We can construct the input tensor X in Fig. 6.5.1 to validate the output of the two-dimensional maximum pooling layer.

In [14]:
X = torch.tensor([[0.0, 1.0, 2.0], [3.0, 4.0, 5.0], [6.0, 7.0, 8.0]])
pool2d(X, (2, 2))

tensor([[4., 5.],
        [7., 8.]])

Also, we experiment with the average pooling layer.

In [15]:
pool2d(X, (2, 2), 'avg')

tensor([[2., 3.],
        [5., 6.]])

6.5.2. Padding and Stride

As with convolutional layers, pooling layers can also change the output shape.And as before, we can alter the operation to achieve a desired output shape by padding the input and adjusting the stride. 

We can demonstrate the use of padding and strides in pooling layers via the built-in two-dimensional maximum pooling layer from the deep learning framework. 

We first construct an input tensor X whose shape has four dimensions, where the number of examples (batch size) and number of channels are both 1.

In [16]:
X = torch.arange(16, dtype=torch.float32).reshape((1, 1, 4, 4))
X

tensor([[[[ 0.,  1.,  2.,  3.],
          [ 4.,  5.,  6.,  7.],
          [ 8.,  9., 10., 11.],
          [12., 13., 14., 15.]]]])

By default, the stride and the pooling window in the instance from the framework’s built-in class have the same shape. Below, we use a pooling window of shape (3, 3), so we get a stride shape of (3, 3) by default.

In [17]:
pool2d = nn.MaxPool2d(3)
pool2d(X)

tensor([[[[10.]]]])

In [18]:
#The stride and padding can be manually specified.

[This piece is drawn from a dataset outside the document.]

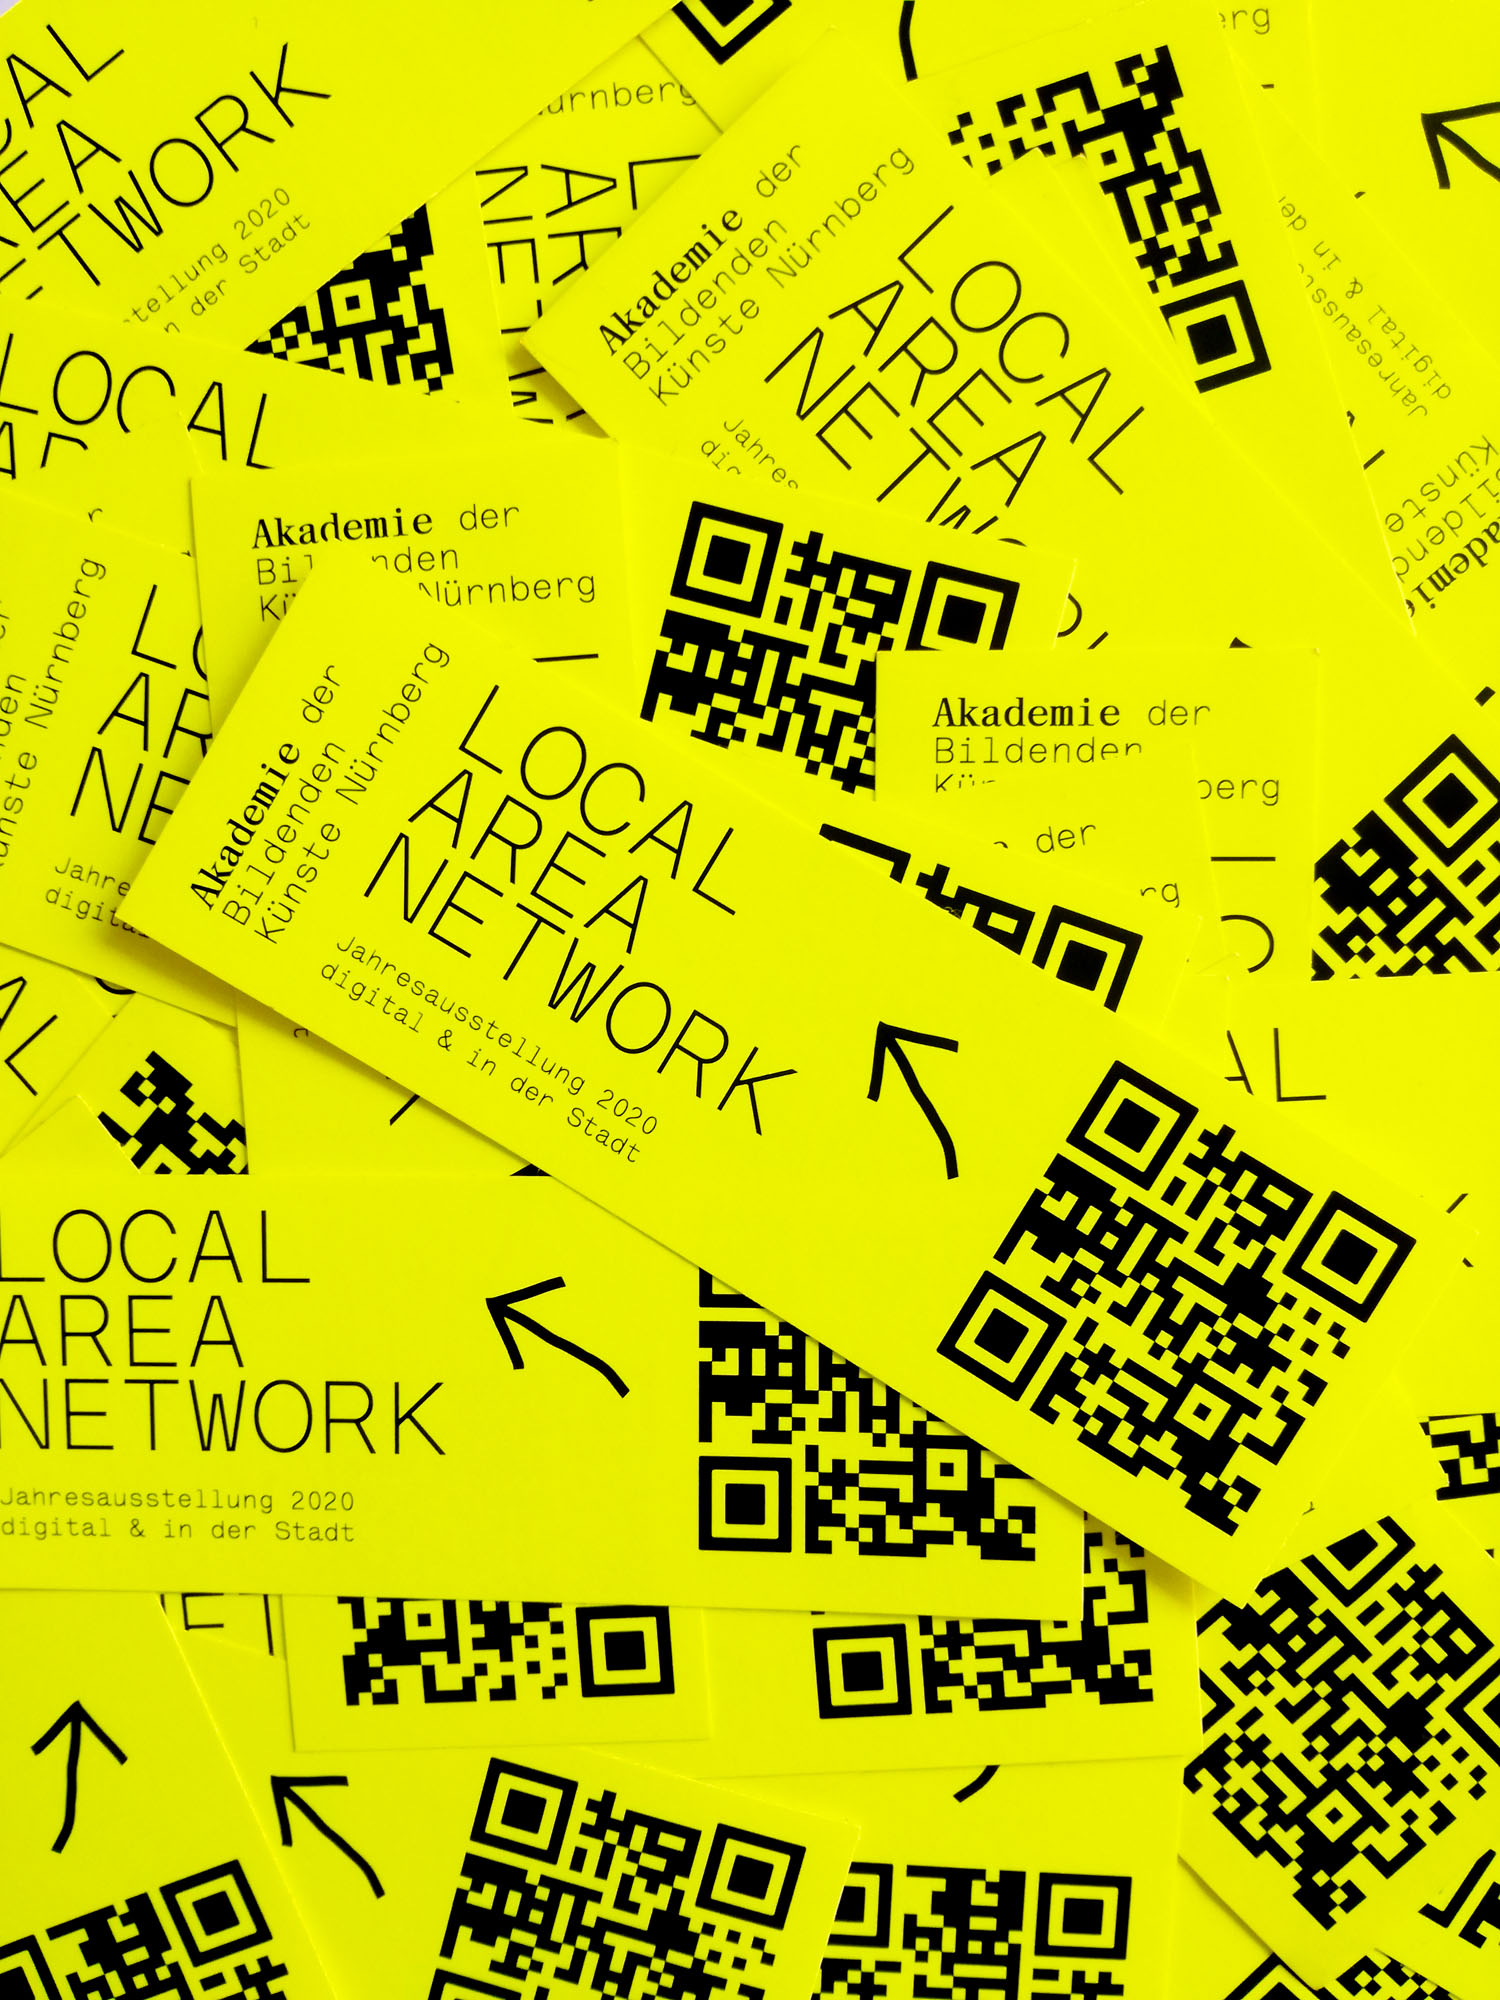 Yellow stickers for Local Area Network 2020

pool2d = nn.MaxPool2d(3, padding=1, stride=2)
pool2d(X)

tensor([[[[ 5.,  7.],
          [13., 15.]]]])

In [19]:
#Of course, we can specify an arbitrary rectangular pooling window and specify the padding and stride for height and width, respectively.

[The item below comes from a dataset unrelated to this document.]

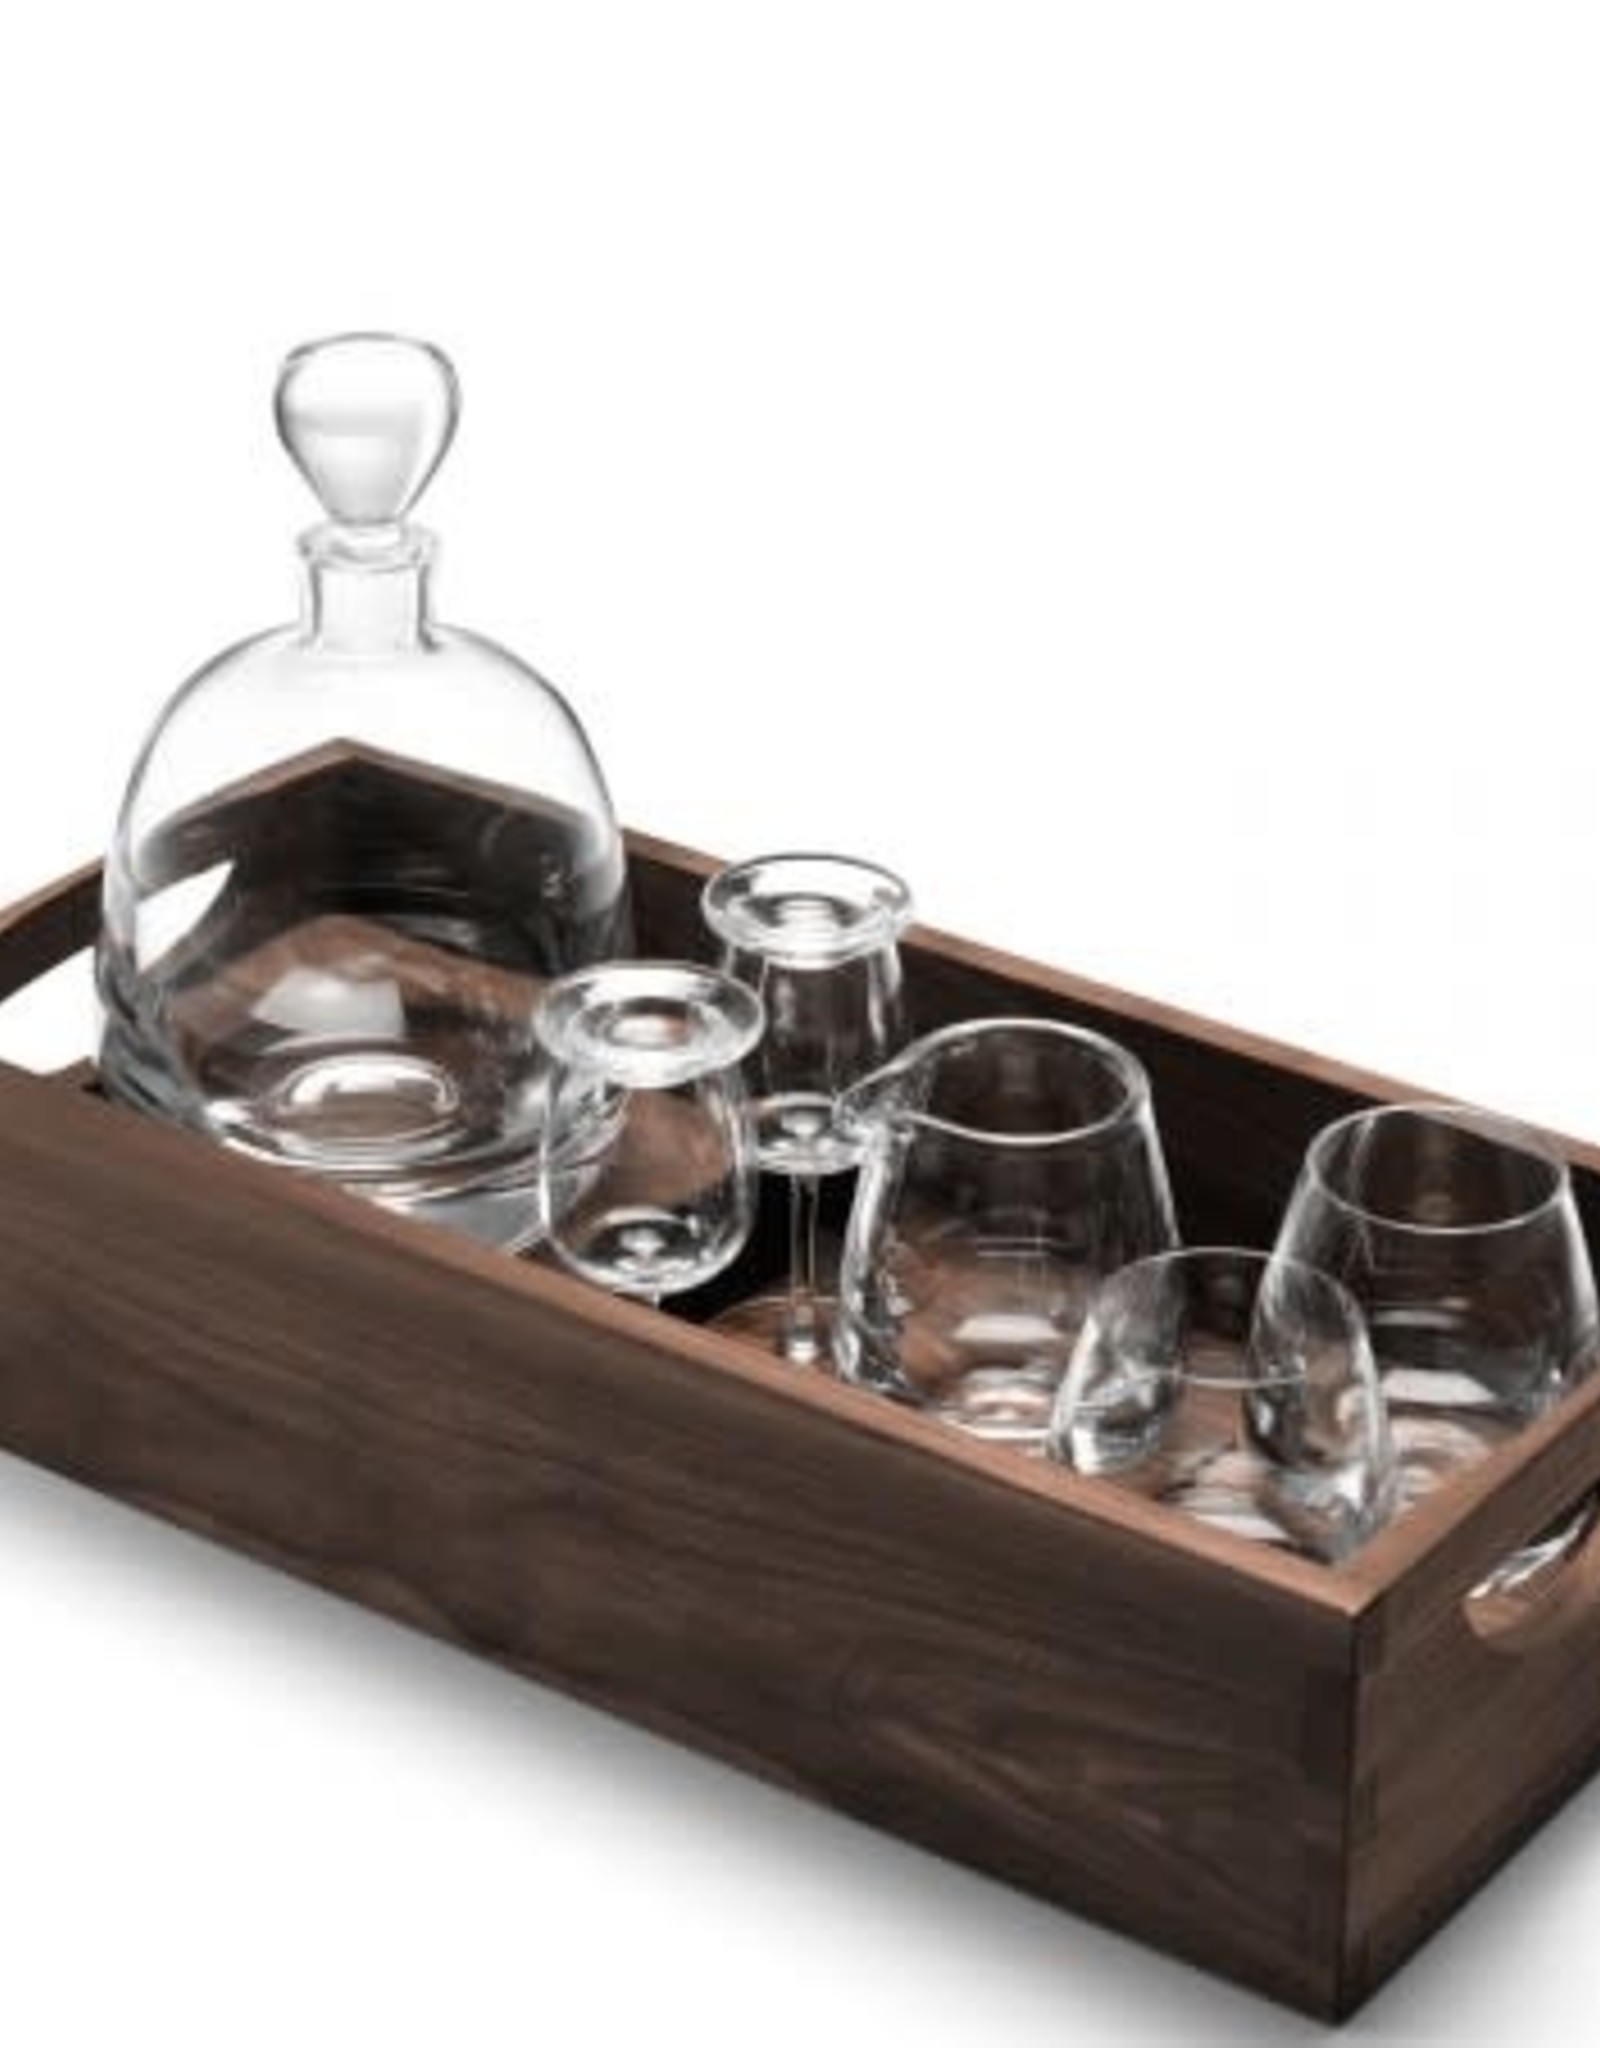 Whisky Islay Connoisseur Set & Walnut Tray L17.5in **

pool2d = nn.MaxPool2d((2, 3), stride=(2, 3), padding=(0, 1))
pool2d(X)

tensor([[[[ 5.,  7.],
          [13., 15.]]]])

**6.5.3. Multiple Channels**

When processing multi-channel input data, the pooling layer pools each input channel separately, rather than summing the inputs up over channels as in a convolutional layer. This means that the number of output channels for the pooling layer is the same as the number of input channels. 

Below, we will concatenate tensors X and X + 1 on the channel dimension to construct an input with 2 channels.

In [20]:
X = torch.cat((X, X + 1), 1)
X

tensor([[[[ 0.,  1.,  2.,  3.],
          [ 4.,  5.,  6.,  7.],
          [ 8.,  9., 10., 11.],
          [12., 13., 14., 15.]],

         [[ 1.,  2.,  3.,  4.],
          [ 5.,  6.,  7.,  8.],
          [ 9., 10., 11., 12.],
          [13., 14., 15., 16.]]]])

As we can see, the number of output channels is still 2 after pooling.

In [21]:
pool2d = nn.MaxPool2d(3, padding=1, stride=2)
pool2d(X)

tensor([[[[ 5.,  7.],
          [13., 15.]],

         [[ 6.,  8.],
          [14., 16.]]]])

**6.5.4. Summary**

Taking the input elements in the pooling window, the maximum pooling operation assigns the maximum value as the output and the average pooling operation assigns the average value as the output.

One of the major benefits of a pooling layer is to alleviate the excessive sensitivity of the convolutional layer to location.

We can specify the padding and stride for the pooling layer.

Maximum pooling, combined with a stride larger than 1 can be used to reduce the spatial dimensions (e.g., width and height).

The pooling layer’s number of output channels is the same as the number of input channels.